"""

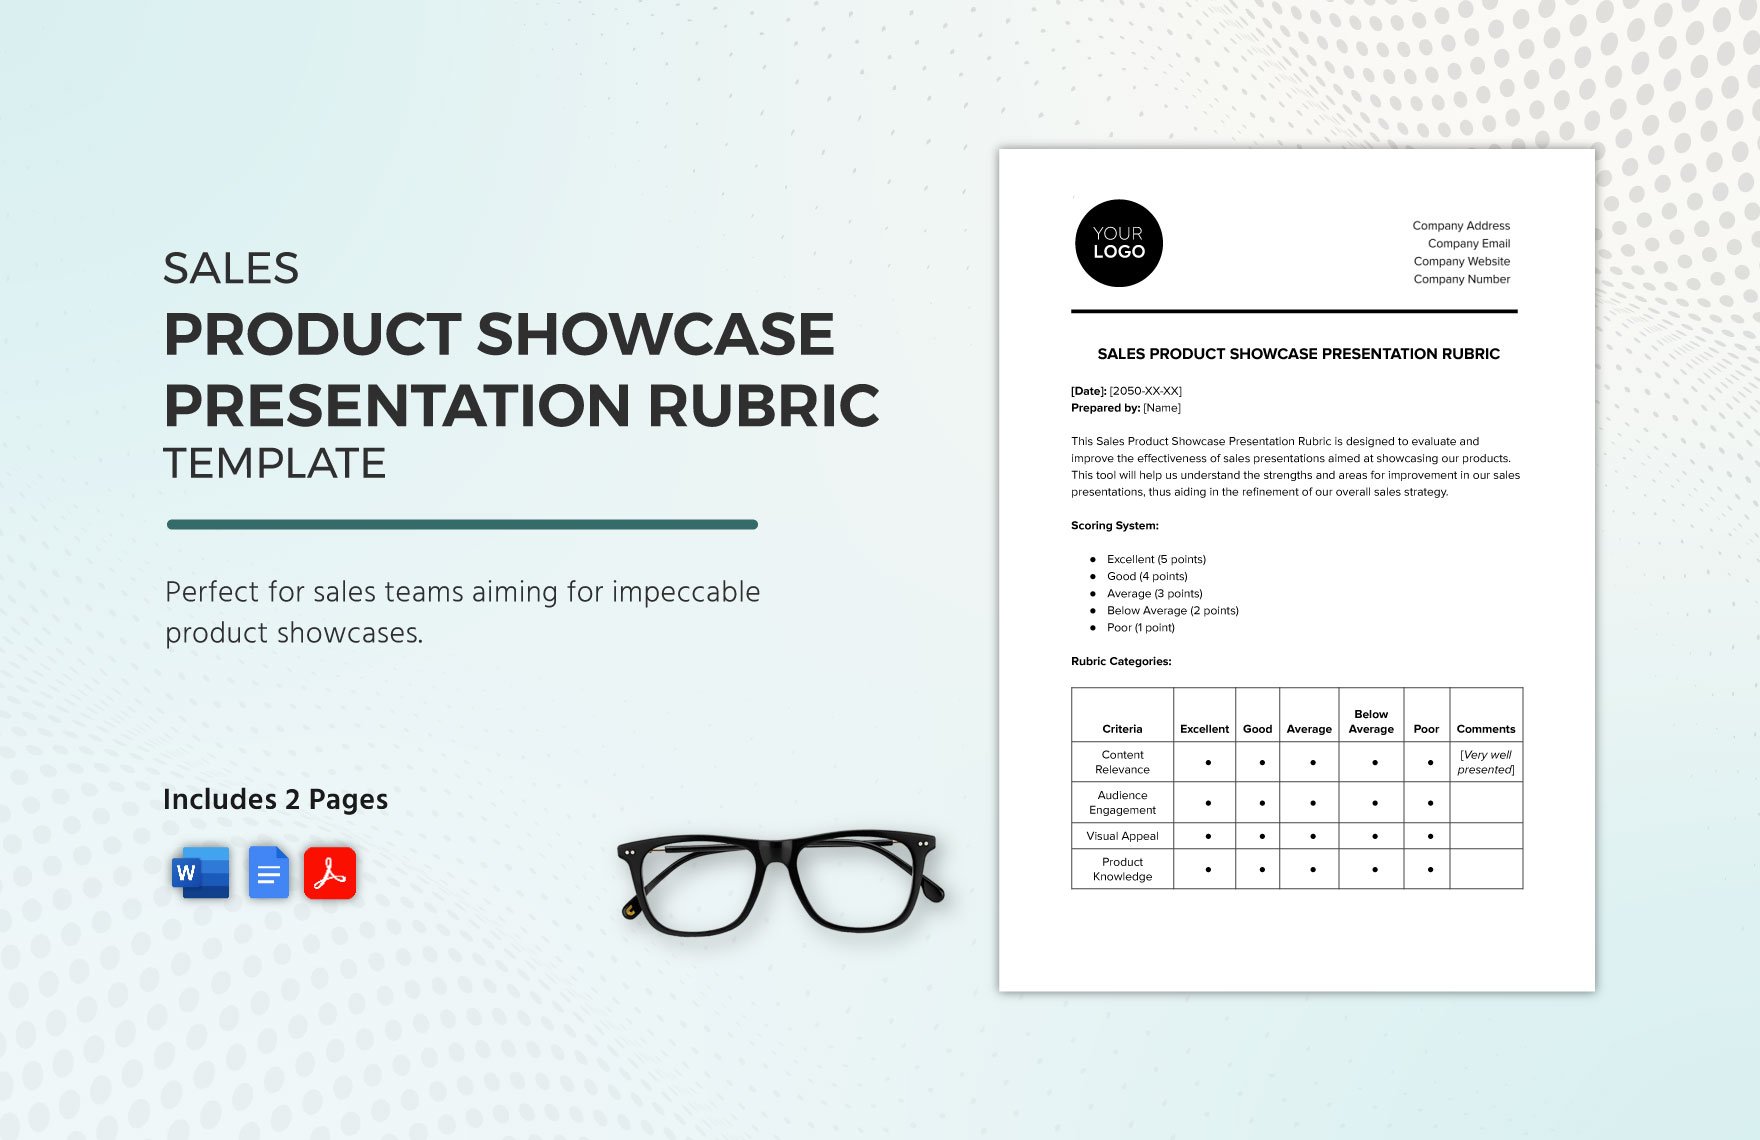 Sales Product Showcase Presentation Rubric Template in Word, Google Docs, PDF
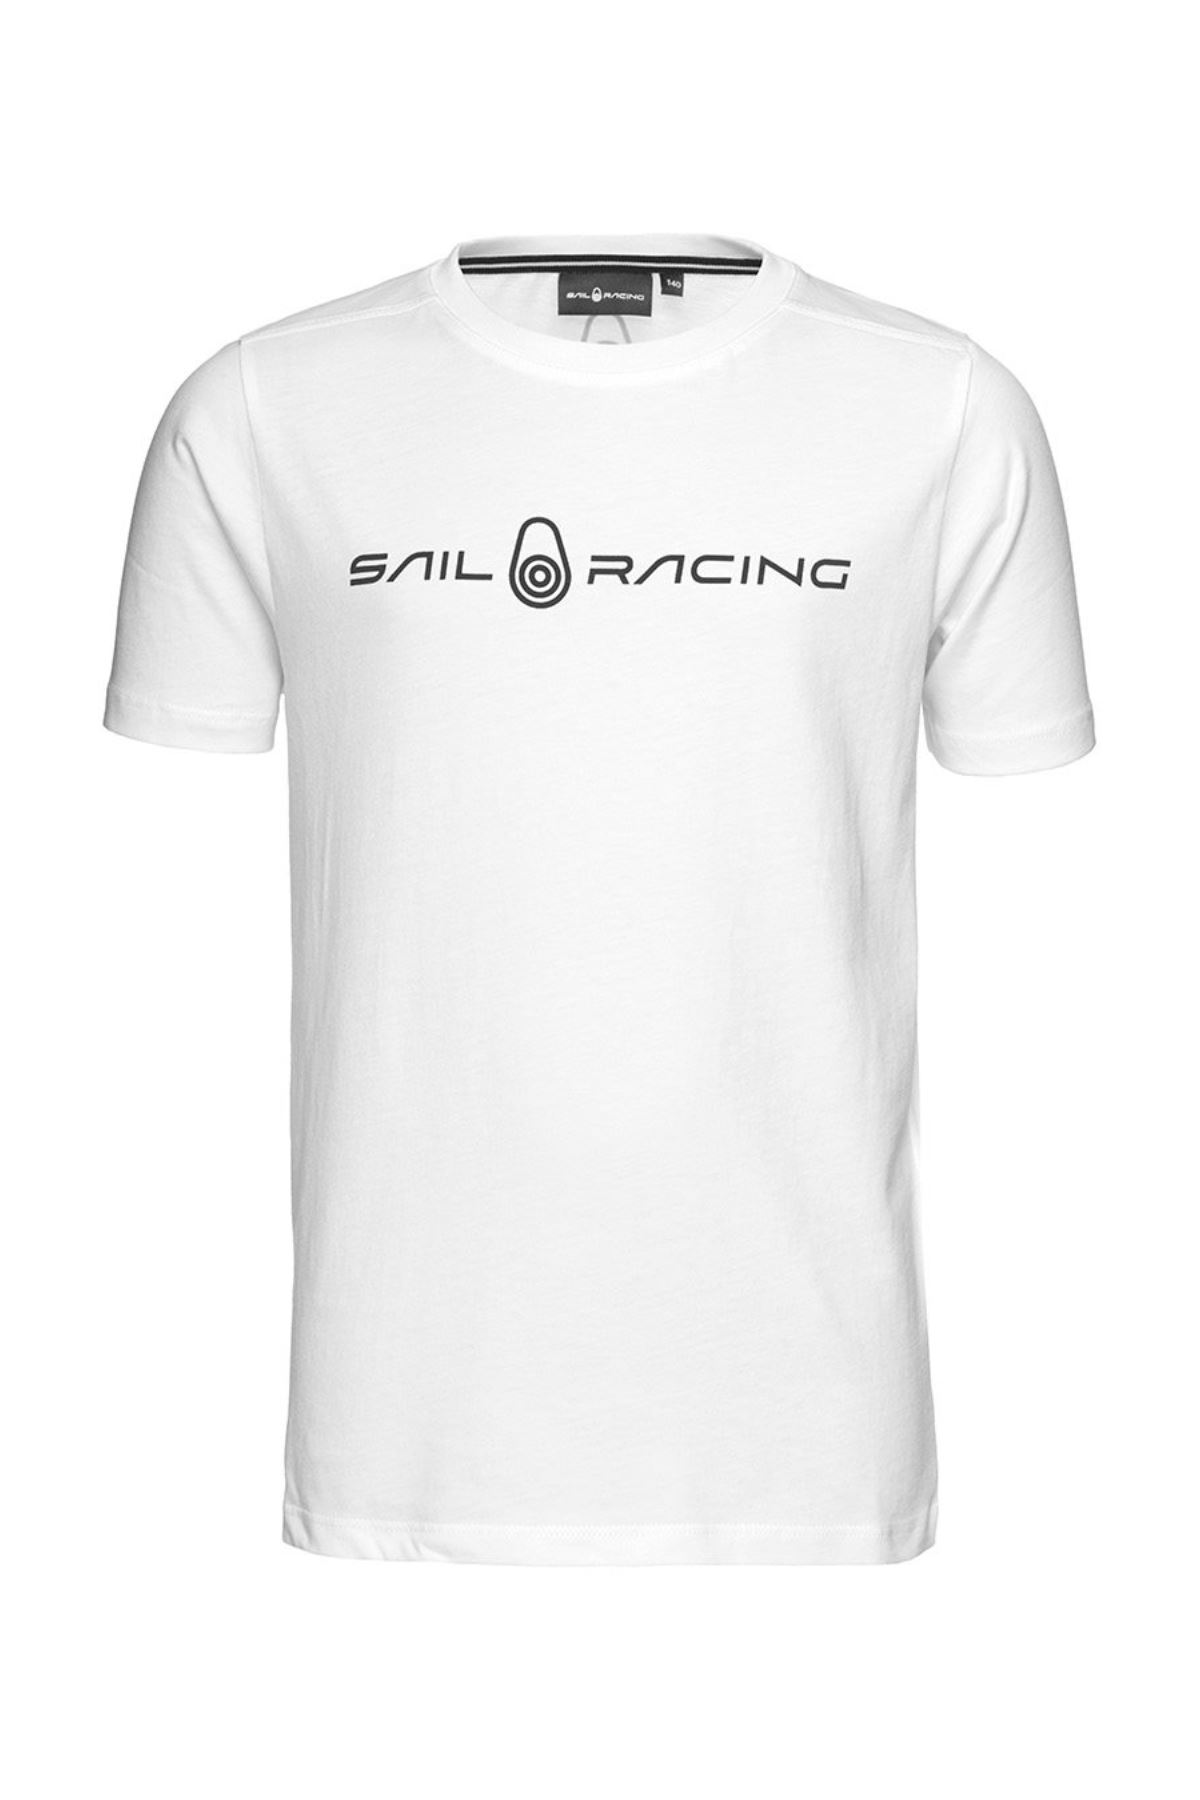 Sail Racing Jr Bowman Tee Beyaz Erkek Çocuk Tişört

"""
"""

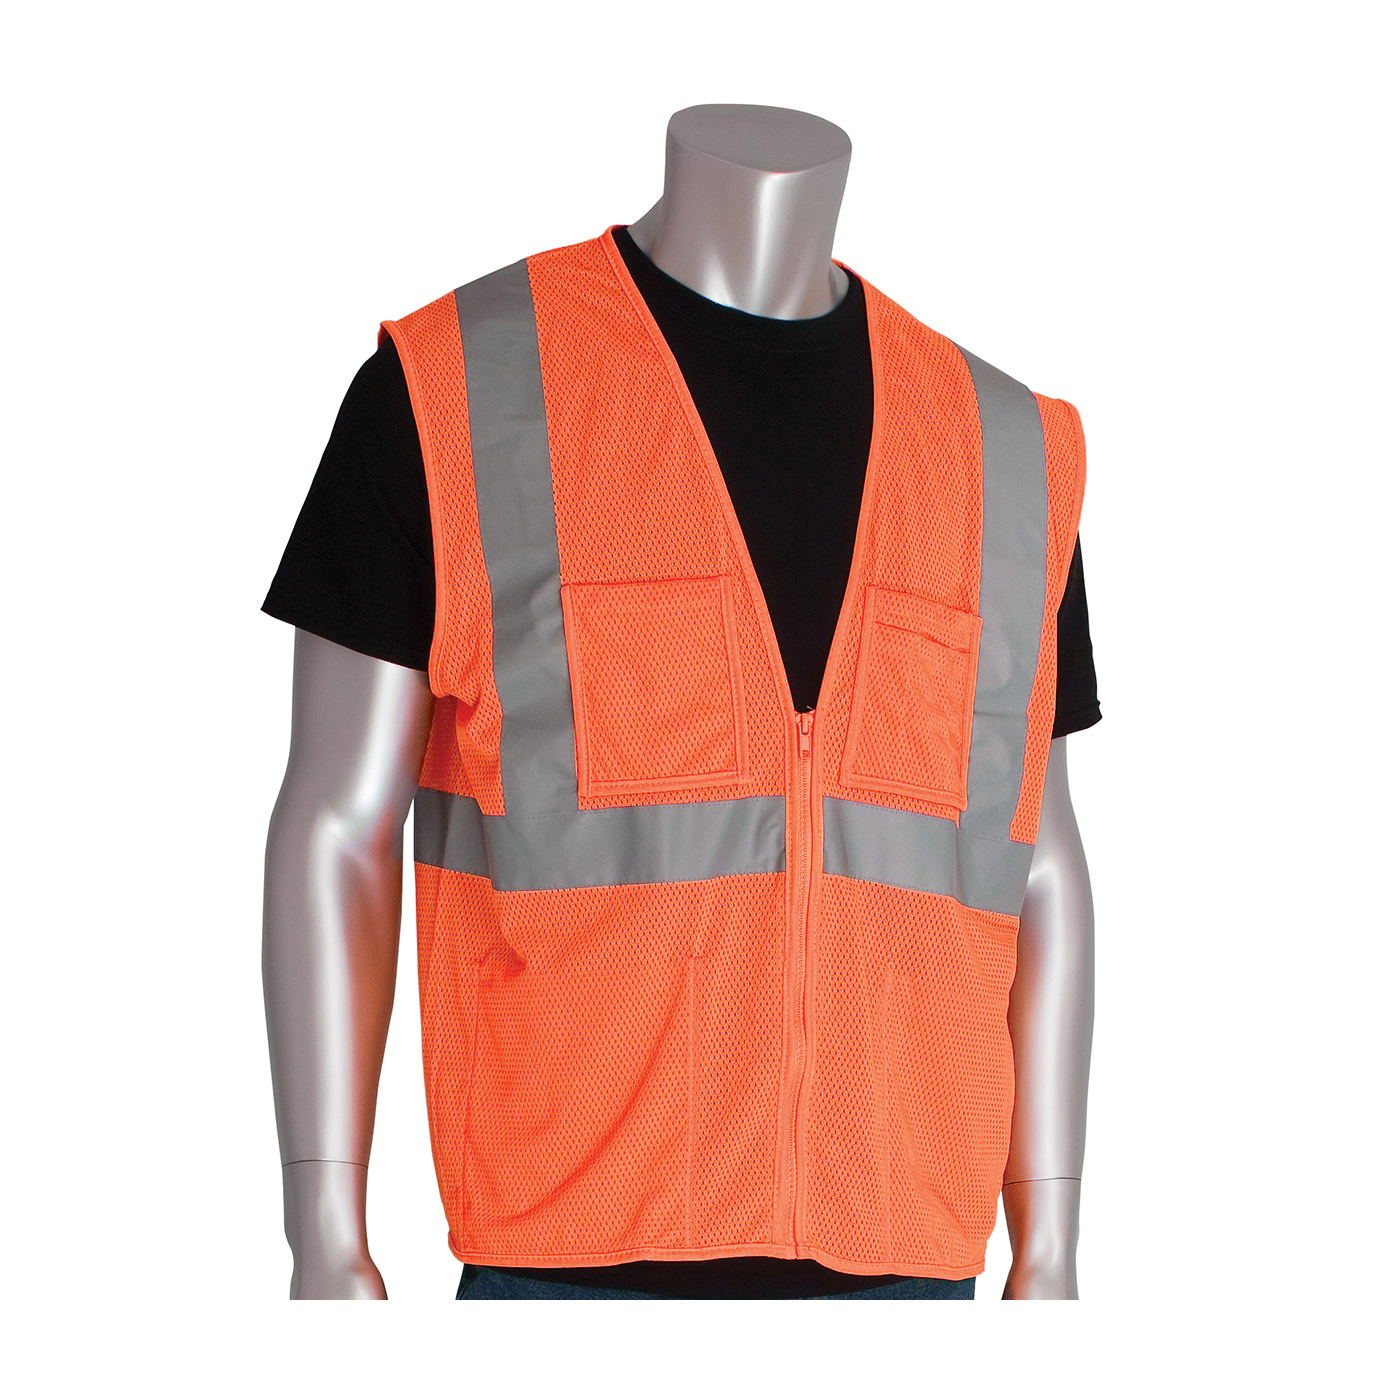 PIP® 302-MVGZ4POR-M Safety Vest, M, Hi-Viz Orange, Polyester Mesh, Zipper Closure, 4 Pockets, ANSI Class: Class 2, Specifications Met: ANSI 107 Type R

"""
"""

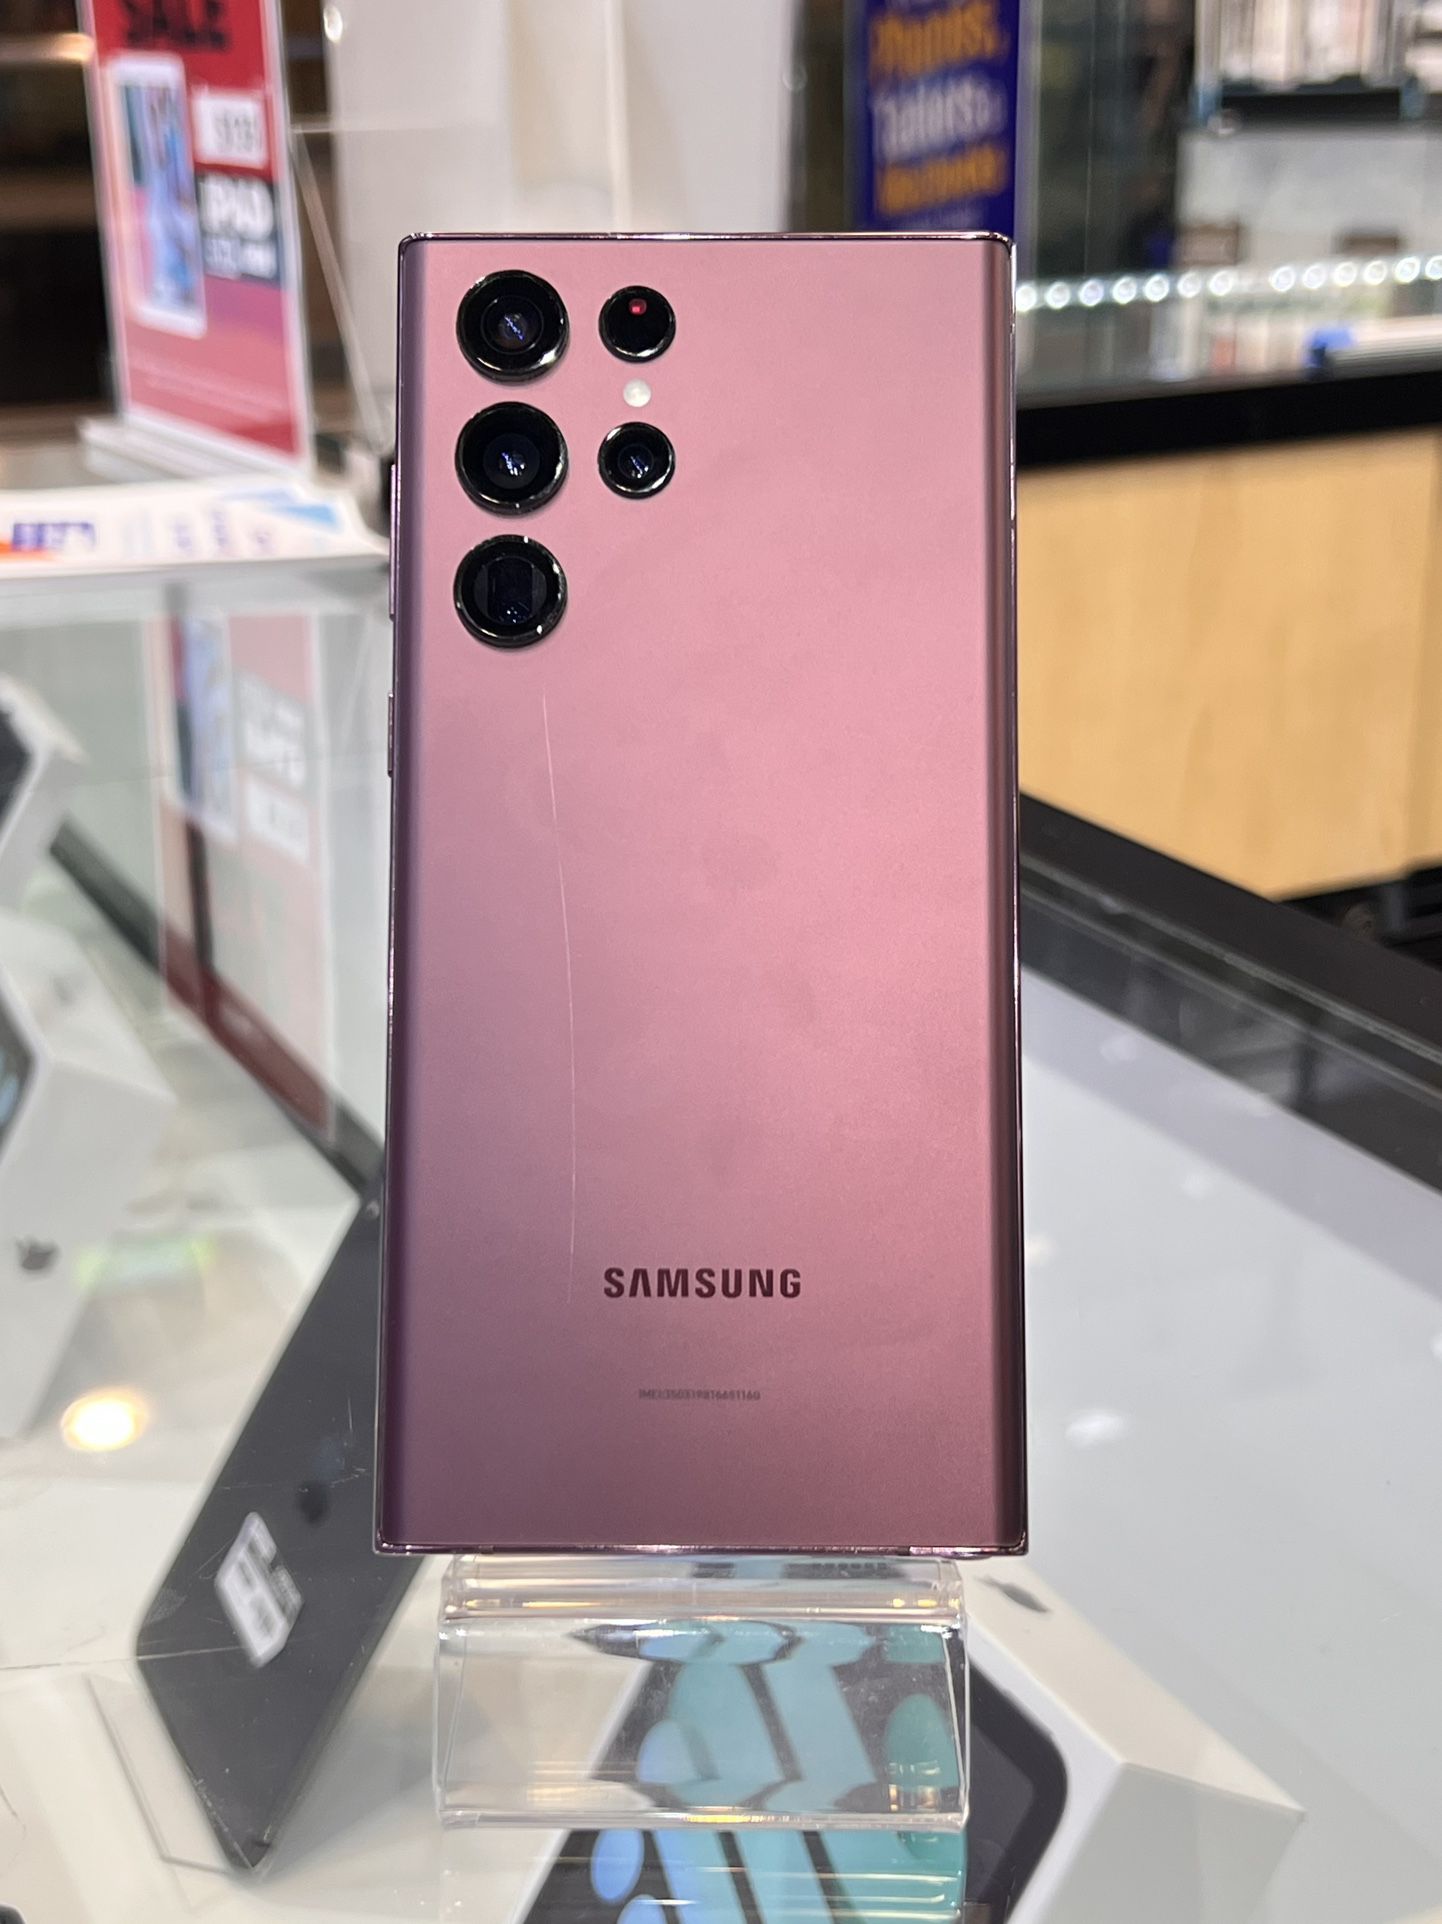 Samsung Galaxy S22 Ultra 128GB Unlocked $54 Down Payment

"""

▸ **Problem to solve**:
From the records above, quote word for word only the lines beginning at the line that has "Sales Product Showcase" and stopping after the line that has "Sail Racing Jr". Omit the pictures.

▸ **Solved problem**:
 Sales Product Showcase Presentation Rubric Template in Word, Google Docs, PDF
 Sail Racing Jr Bowman Tee Beyaz Erkek Çocuk Tişört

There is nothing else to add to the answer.